In summary, low parental numeracy at two timepoints ~5.3 years apart was associated with asthma exacerbation outcomes in a cohort of Puerto Rican children and adolescents. Our findings further support interventional studies to test whether literacy- and numeracy-appropriate tools can help parents in high-risk groups (including Puerto Ricans and other marginalized populations) improve the management and outcomes of asthma in their children.
Supplementary Material
Funding Source:
Dr. Gutwein is supported by training grant T32 HL129949 from the U.S. National Institutes of Health (NIH). This work was supported by NIH grants HL079966, HL117191, and MD011764. The sponsor had no role in the design or implementation of the study, or the drafting and submission of the manuscript.
Abbreviations:
- ANQ
Asthma Numeracy Questionnaire
- BMI
body mass index
- CI
confidence interval
- ED
emergency department
- FEV1
forced expiratory volume-one second
- FVC
forced vital capacity
- ICS
inhaled corticosteroid
- OR
odds ratio
- SHS
second-hand smoke
Footnotes
Publisher's Disclaimer: This is a PDF file of an unedited manuscript that has been accepted for publication.

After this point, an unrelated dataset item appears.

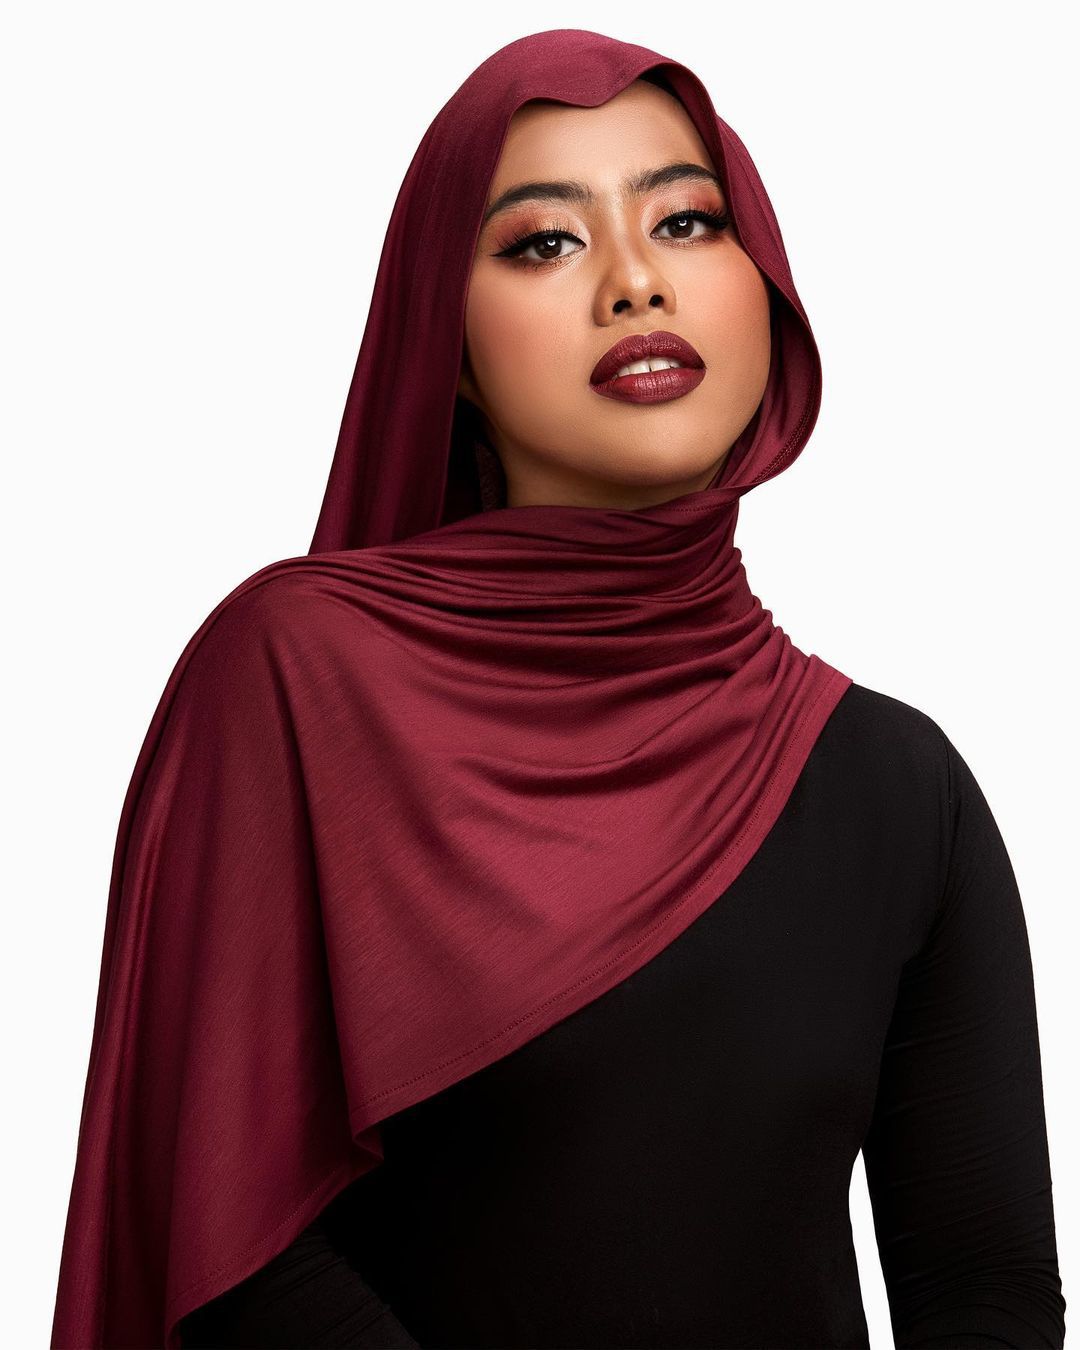 Warna Jilbab Lebaran Untuk Kulit Sawo Matang - Merah Maroon
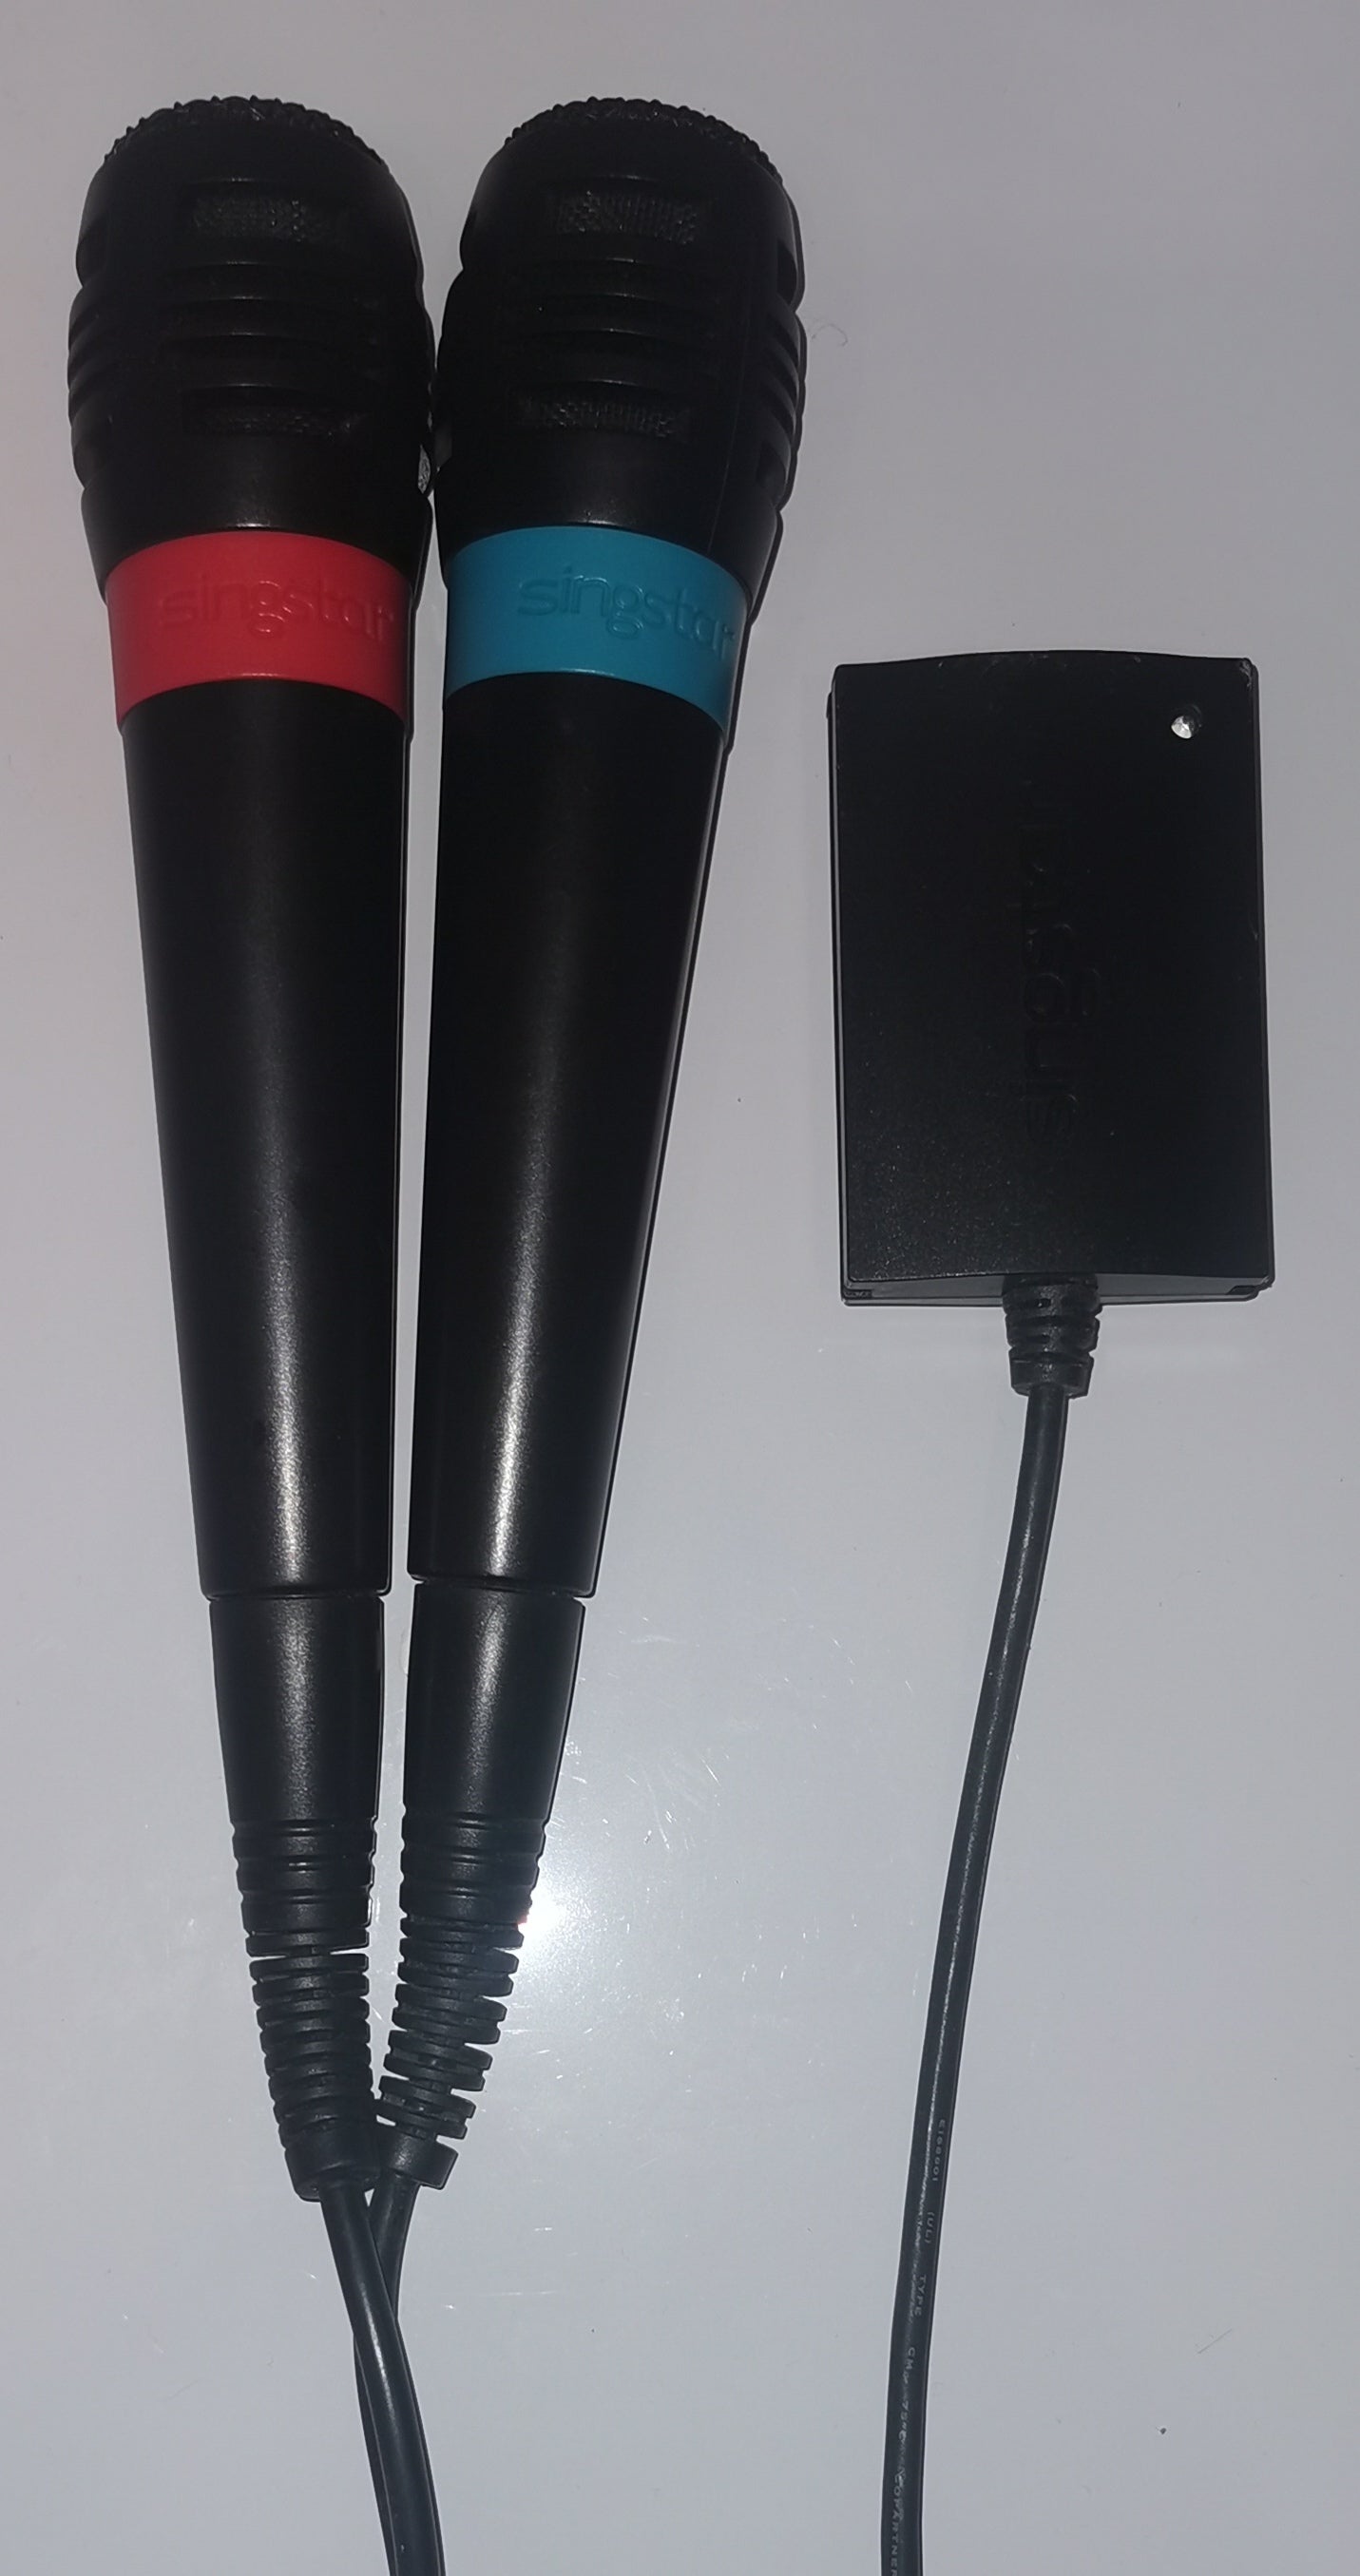 SingStar Original USB Mikrofone Doppelpack fuer PlayStation 2 und 3 [Gut]

As a service to our customers we are providing this early version of the manuscript. The manuscript will undergo copyediting, typesetting, and review of the resulting proof before it is published in its final form. Please note that during the production process errors may be discovered which could affect the content, and all legal disclaimers that apply to the journal pertain.
Conflicts of interest: Dr. Celedón received research materials from Merck (inhaled steroids) to provide medications free of cost to participants in an NIH-funded study, unrelated to this work. The other authors have no conflicts of interest to declare.